When it comes to life expectancy, Germany lags behind the Western European average. Since 2000, the gap has grown by an entire year. But why is that? 

Germany is one of the worst performers in Western Europe when it comes to life expectancy and is continuing to lose ground. This is shown by a current study by the Federal Institute for Population Research (BiB) and the Max Planck Institute for Demographic Research, which examined mortality trends over several decades. 

In 2000, Germany was around 0.7 years behind the average life expectancy at birth in Western Europe. By 2022, the gap has increased to 1.7 years. “The beginning of the 2000s marks a turning point in the dynamics of mortality development in Germany,” says BiB lead author Pavel Grigoriev, summarizing the results. Since then, the mortality gap between Germany and other Western European countries has grown relatively steadily.

As the study shows, after reunification, East Germany was initially able to significantly reduce the gap compared to West Germany and Western Europe. Financial investments in health care also contributed to this, it is said. “However, since the turn of the millennium, both West and East Germany have lost ground compared to the other countries in Western Europe,” says a statement from the Wiesbaden Federal Institute.

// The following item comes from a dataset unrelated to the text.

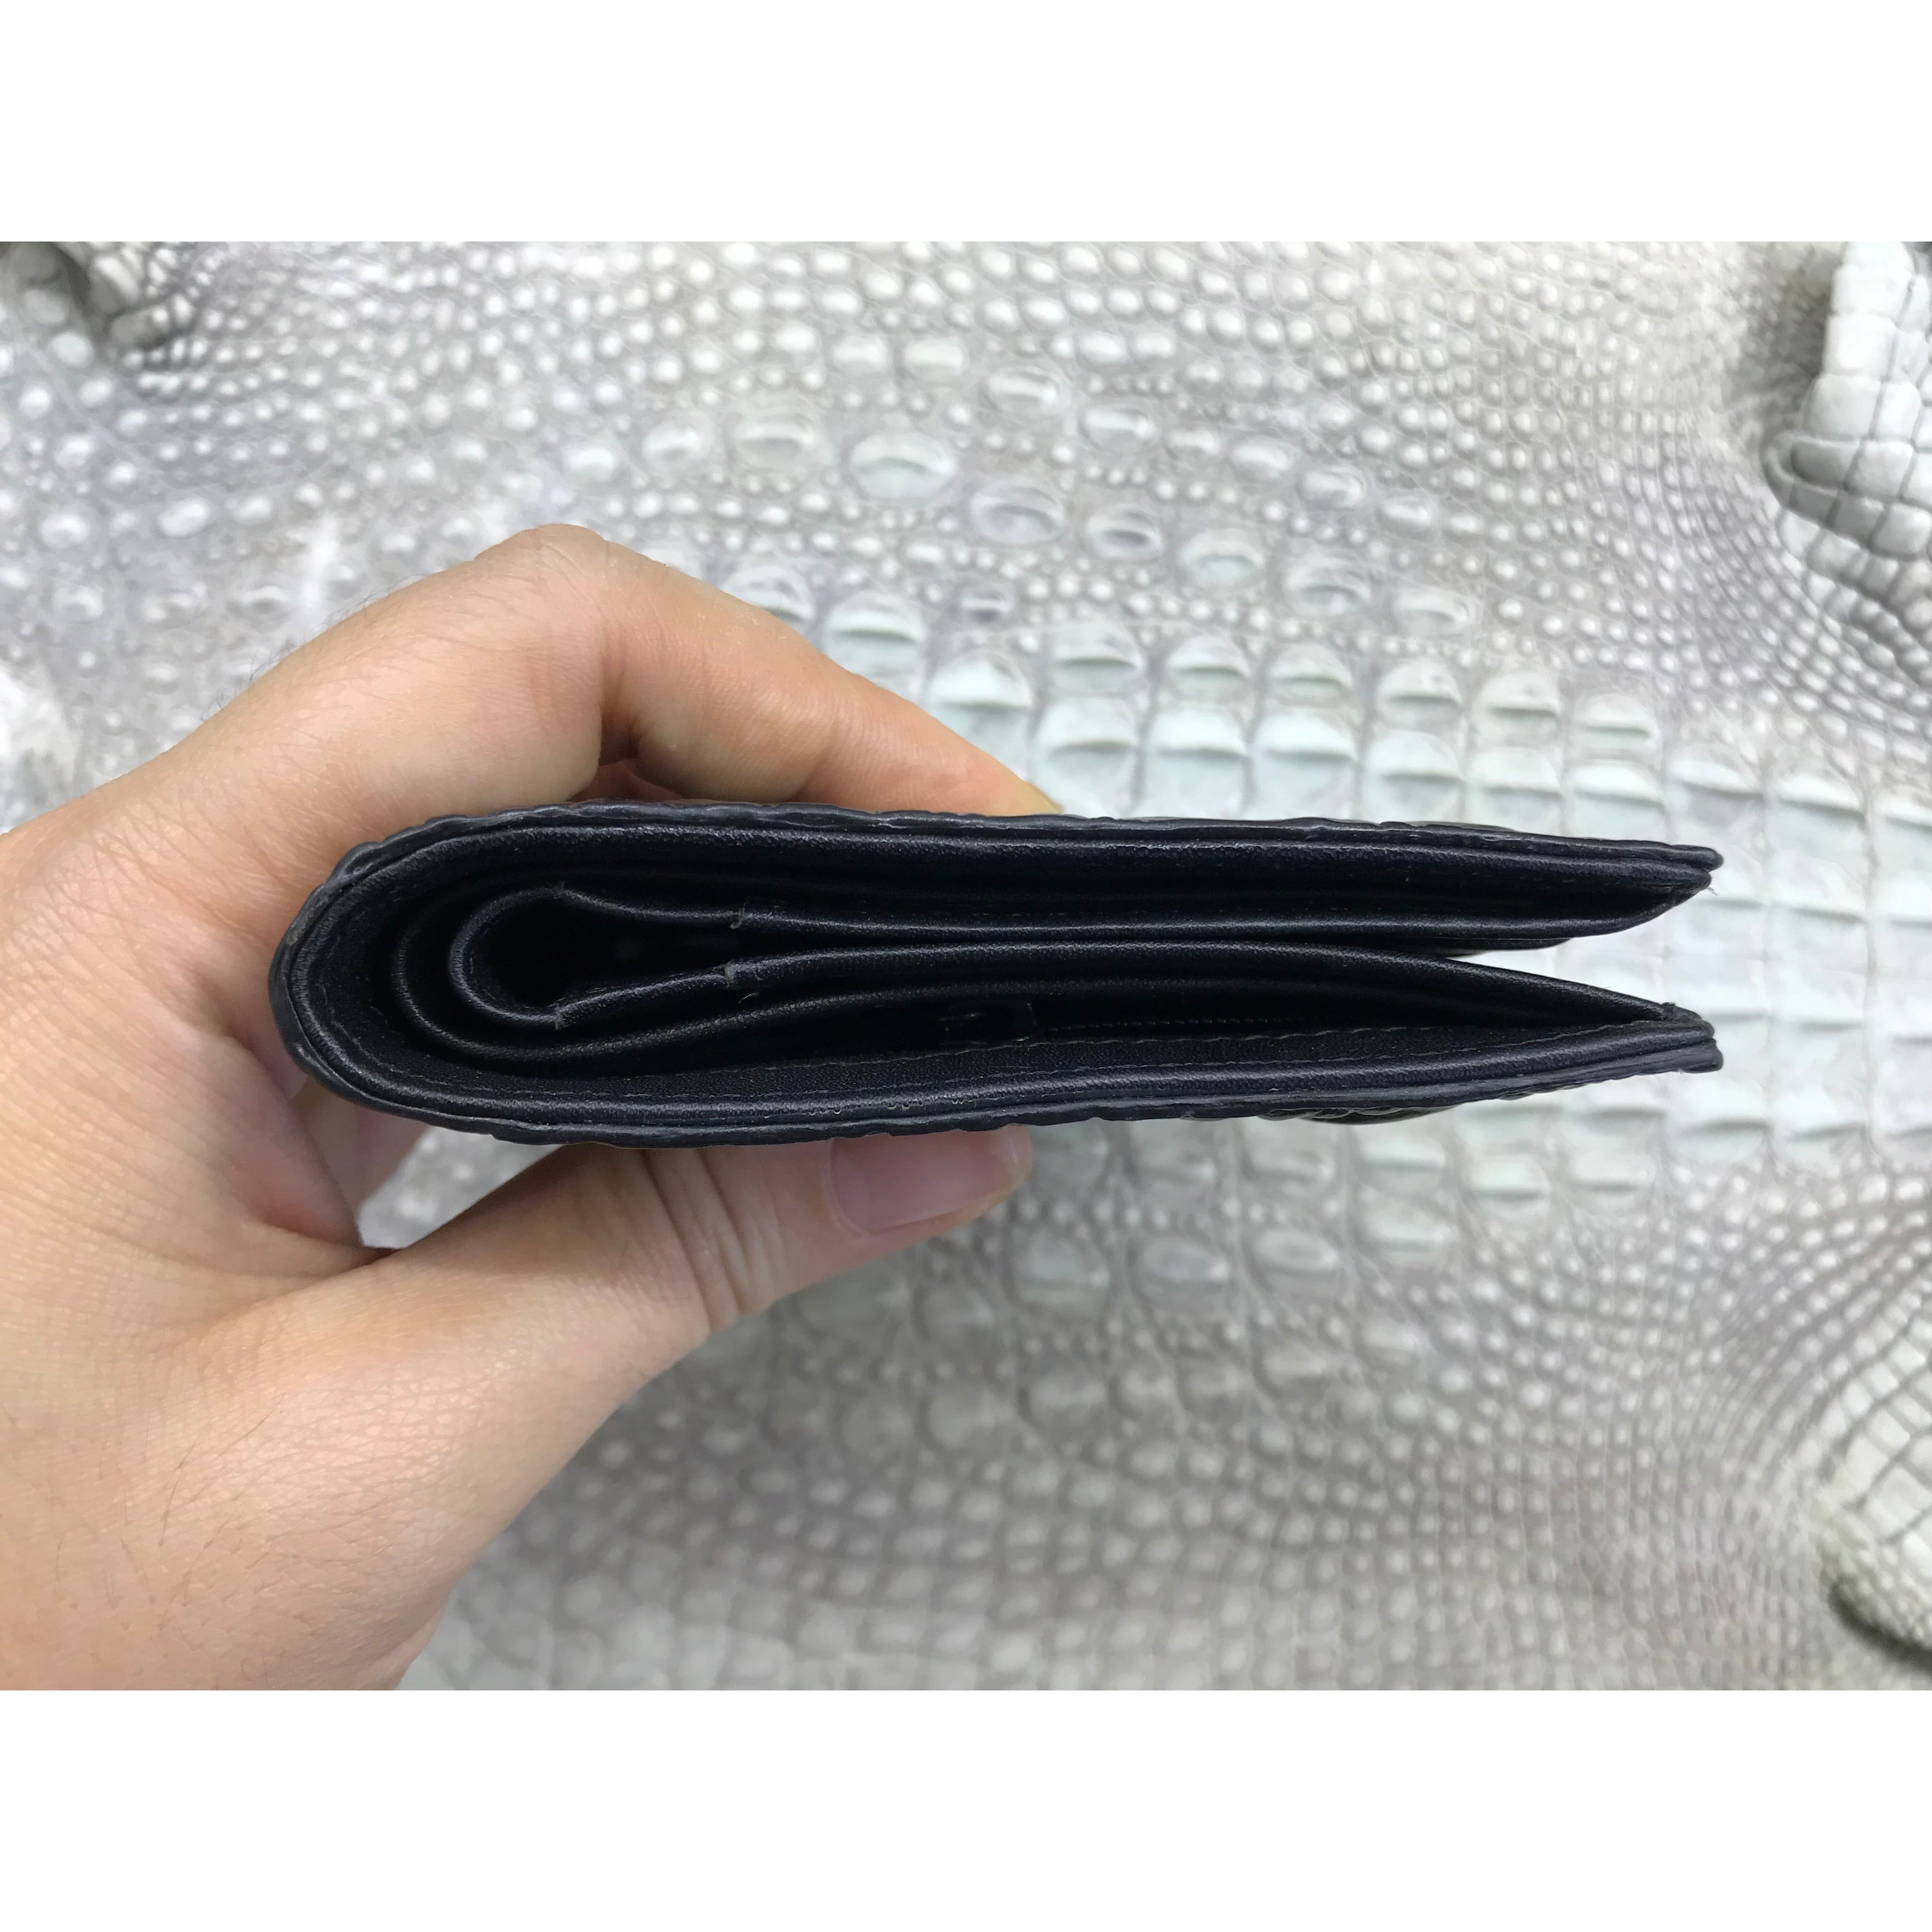 Black Alligator Horn Back Skin Bifold Vertical Wallet For Men | Handmade Crocodile Leather Wallet RFID Blocking | VL5678 - Vinacreations

According to the researchers, individual age groups contribute in different ways to Germany’s growing gap in life expectancy. Among women in Germany, people aged 75 and over in particular have a higher mortality rate than their peers in other Western European countries. For men, on the other hand, the age group between 55 and 74 years of age particularly contributes to the gap. “With regard to the causes of death, the deficit was explained in particular by a higher mortality due to cardiovascular diseases,” writes the team in the “Bundesgesundheitsblatt”.

For BiB Research Director Sebastian Klüsener, there is a need for action, especially in the prevention and early detection of cardiovascular diseases. The same applies to the areas of tobacco and alcohol prevention and healthy nutrition. “There is still a lot of potential here to better prepare us for the current aging process in society,” says Klüsener. 

The study compared data from a total of 15 countries in Western Europe, including Switzerland, Austria, Denmark, Great Britain and Finland.